The 2 min u_crit was affected by the orientation of cylinder arrays for the large cylinder treatment, being reduced 10±4% compared with the control treatment with the vertical array and by 22±3% for the horizontal array. This orientation effect for the large cylinders was investigated through video analysis of the fish spills. Spills occurred 230% more frequently in turbulent flow fields dominated by large horizontal eddies than in turbulent flow fields dominated by large vertical eddies. Recovery from a spill took 24% more time for fish in the horizontal turbulent eddy field compared with the vertical turbulent eddy field. The increased recovery time was due to two additional rolls which rotated the caudal fin into the plane of the displacement.

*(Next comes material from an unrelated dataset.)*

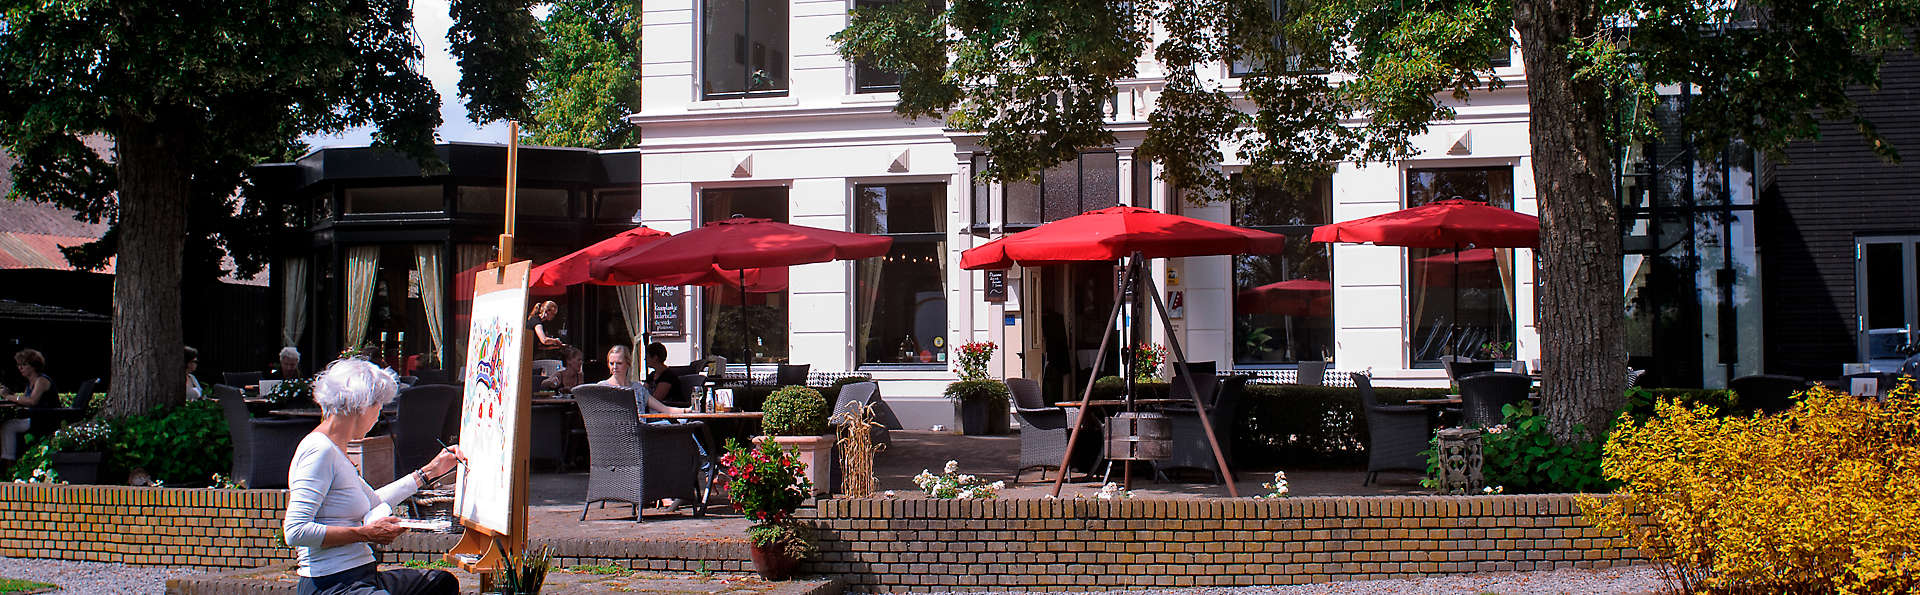 Hotel Restaurant Lunia - edit_front_activities3.jjpg.jpg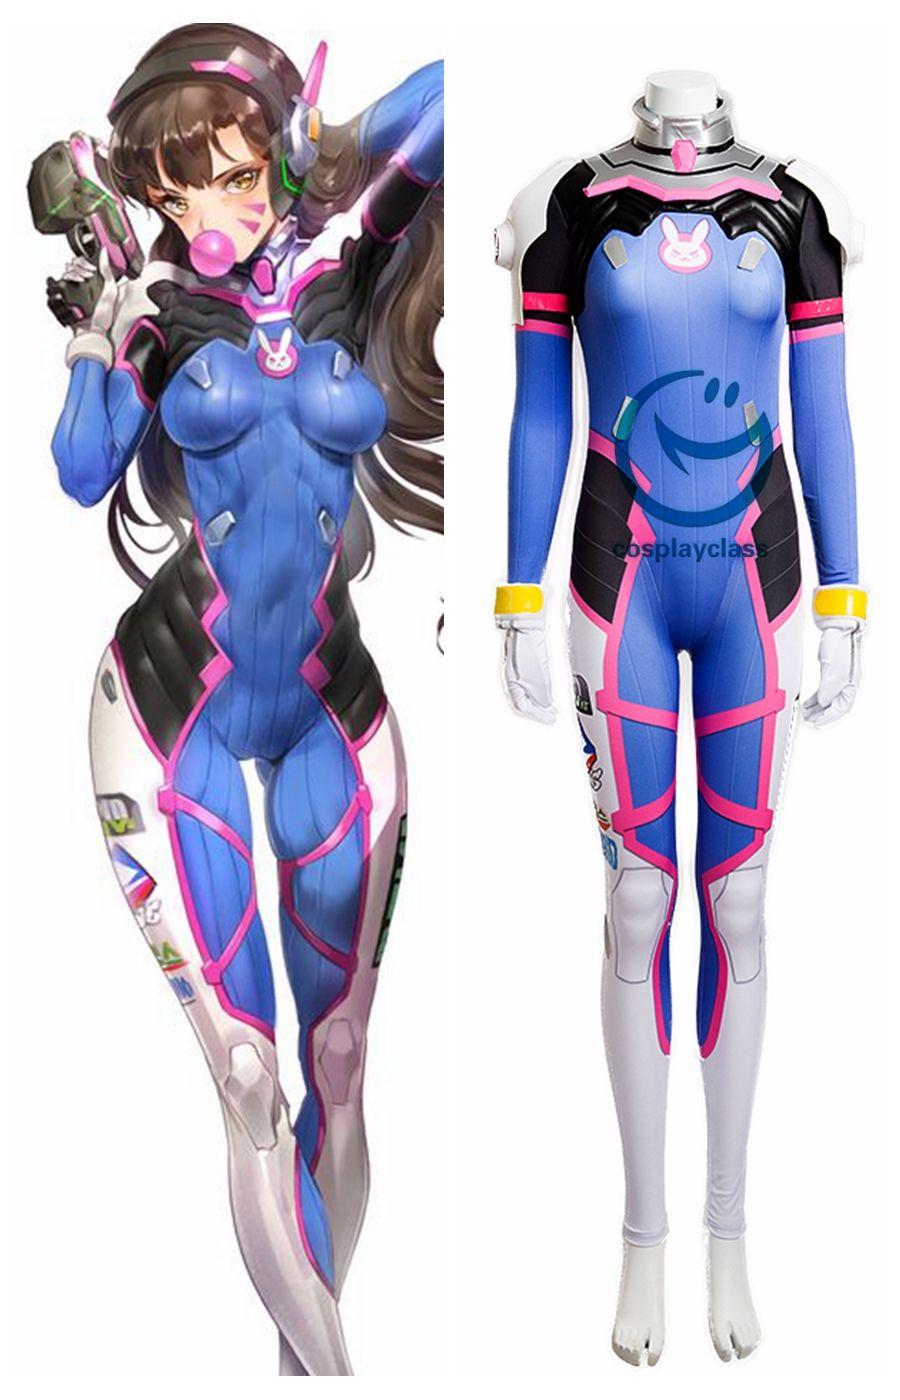 97f44bfc89b88 Overwatch OW D.Va DVa Hana Song Cosplay costume #overwatch #DVA #cosplay # costume #hanasong

These results shed further light on the importance of turbulence on the swimming ability of fish in a fluvial environment. In turbulent fluvial environments fish are forced to cope with the same destabilizing forces produced in these experiments. The results of these experiments suggest that habitat selection, station holding, migration and ability to maintain posture in a flow will be affected by the presence of turbulent eddies in the close vicinity of fish. Specifically, eddies that are horizontal in orientation, rotate rapidly and have a diameter approximately equal to the fish length are expected to cause the greatest stability challenges for a free swimming fish. The general conclusions as to the importance of eddy diameter, vorticity, angular momentum and orientation have the potential to improve future fishway and stream restoration designs.

These results derive from a limited number of individuals all of the same species, of the same length and from the same reach of river. While variability across individuals was low in this experiment, prior to globalizing the trends, future tests should expand this work across species, life stage and body/fin morphology.